The Federal Government has rolled out fresh deduction tax at source (withholding) regulations to boost its revenue drive, a document obtained by The Guardian has shown.
Tagged: ‘Deduction of Tax at Source (withholding) Regulations 2024’, it took effect from Monday, July 1, 2024.
Withholding tax was introduced into the Nigeria tax system in 1977 to serve as an advance payment of income tax on specified transactions. It was created to provide the government with regular revenue flow and to serve as a means of curbing tax evasion.

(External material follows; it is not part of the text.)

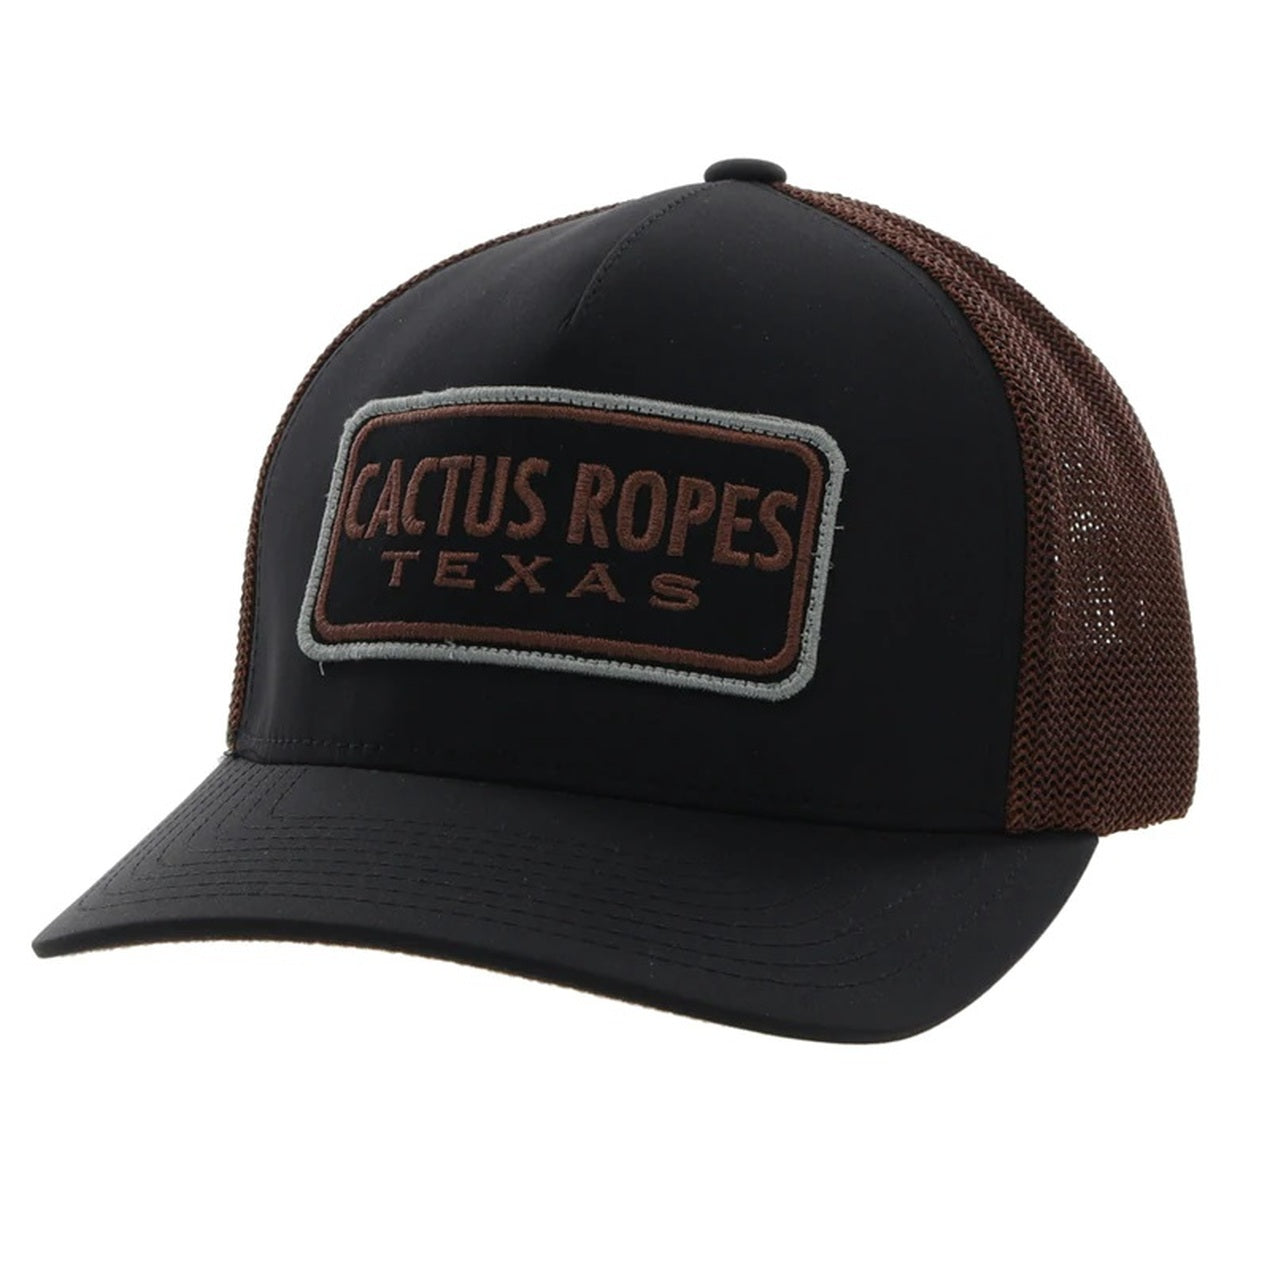 Hooey Cactus Ropes Black & Brown Ball Cap

In his notes on the new regulations, Chairman, the Presidential Fiscal Policy and Tax Reforms Committee, Taiwo Oyedele, who defended the new path, said that withholding tax has led to many businesses, especially SMEs being exposed to excessive burden of compliance and a strain on the working capital of low-margin businesses.
Key changes the new regulations seek to achieve are exemption of small businesses from Withholding Tax compliance; reduction rates for businesses with low margins; exemptions for manufacturers and producers such as farmers; measures to curb evasion and minimise tax avoidance; ease of obtaining credit and utilisation of tax deducted at source; changes to reflect emerging issues and adopt global best practices and provide clarity on the timing of deduction and definition of key terms.
He hinted that the regulation is expected to be published in the official gazette very soon.
The withholding tax has been bogged by ambiguities regarding persons required to comply, eligible transactions, applicable rates, and timing of the obligation for remittance, among others.
There is also the treatment of the deduction as a separate tax, thereby adding to the list of multiple taxes and costs of doing business.
Many businesses have complained about failure to get refunds for excess withholding tax.
There was an absence of an exemption threshold making the cost of compliance by taxpayers and the cost of enforcement by the tax authority uneconomical.
Businesses believed that the overall structure of the withholding tax regime promoted tax inequity.
Therefore, the new regulations set out the rules for the deduction of tax from payments to taxable persons under the Capital Gains Tax Act, the Companies Income Tax Act, the Petroleum Profits Tax Act, and the Personal Income Tax Act in respect of specified transactions.
The Minister of Finance and Coordinating Minister of the Economy, Wale Edun, signed the regulations.
Under the new rule, tax to be deducted at source includes the eligible transactions and the applicable rates at which deductions shall be made at source are as specified in the “First Schedule” to these Regulations; reduced rates as specified under a treaty between Nigeria and any other country for the avoidance of double taxation shall apply to an eligible recipient who is resident in a treaty country to the extent that such reduced rates are contained in the relevant treaty or protocol duly ratified by the National Assembly.
“In the case of supply of goods, rendering of service or any eligible transaction involving non-passive income, the amount to be deducted at source shall be twice the rate specified in the Schedule where the Recipient has no Tax Identification Number,” it added.
In his notes, the minister stressed that the regulations complement the applicable statutory provisions and replace all prior rules in respect of deductions at source other than Pay-As-You-Earn tax.
He added: “It simplifies areas of complexities, and reduces the rates of deduction for industries with low margins. The Regulations are expected to promote the ease of tax compliance and administration, reduce arbitrage between corporate and non-corporate business structures, reflect emerging issues and adopt best global practices.”